The facility is licensed to operate for six (6) non-ambulatory residents where one (1) may be bedridden in Room #1, with a hospice waiver for two (2) residents. The facility is a one-story house with four (4) resident bedrooms, two (2) bathrooms, living room, dining room, kitchen, an attached 2 car garage, and an outdoor covered seating area.

During the visit, LPA toured inside and outside of the physical plant with staff. There were no bodies of water or obstructions on the premises. All rooms were inspected. Beds and bedding supplies were in good condition, adequate lighting was provided, storage for each resident’s personal belongings was observed. Bed linens, comforters, and bath towels were adequately stocked at the time of visit. Bathrooms were clean and operational with water temperatures measured between 116.7 degrees F to 117.8 degrees F.

LPA observed the facility to be sanitary and appropriately furnished at the time of visit. Storage areas for personal hygiene, cleaning supplies, toxins, and sharps objects were stored and not accessible to residents. The kitchen was inspected and there is a seven-day supply of non-perishable food available and maintained properly. LPA observed at least ten expired perishable items stored in the kitchen refrigerator.
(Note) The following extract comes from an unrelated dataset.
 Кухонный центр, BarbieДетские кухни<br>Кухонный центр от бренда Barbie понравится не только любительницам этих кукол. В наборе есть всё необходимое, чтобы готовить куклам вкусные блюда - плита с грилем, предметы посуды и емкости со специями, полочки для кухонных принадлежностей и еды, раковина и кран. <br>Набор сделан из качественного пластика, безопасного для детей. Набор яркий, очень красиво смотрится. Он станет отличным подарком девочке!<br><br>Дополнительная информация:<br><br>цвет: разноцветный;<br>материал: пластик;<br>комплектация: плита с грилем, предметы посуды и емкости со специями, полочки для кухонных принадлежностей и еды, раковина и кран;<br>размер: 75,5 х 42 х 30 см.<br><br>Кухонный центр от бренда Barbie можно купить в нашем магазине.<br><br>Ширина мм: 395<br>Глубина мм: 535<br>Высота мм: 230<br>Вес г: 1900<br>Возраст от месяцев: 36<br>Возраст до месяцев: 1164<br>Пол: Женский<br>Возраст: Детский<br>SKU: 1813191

A deficiency is being cited.

CONTINUE TO LIC809-C.....

NAME OF LICENSING PROGRAM MANAGER: Lourdes Montoya
NAME OF LICENSING PROGRAM ANALYST: Eboni Bentley
LICENSING PROGRAM ANALYST SIGNATURE: DATE: 12/02/2025
I acknowledge receipt of this form and understand my licensing appeal rights as explained and received.
FACILITY REPRESENTATIVE SIGNATURE: DATE: 12/02/2025
This report must be available at Child Care and Group Home facilities for public review for 3 years.

LIC809 (FAS) - (06/04)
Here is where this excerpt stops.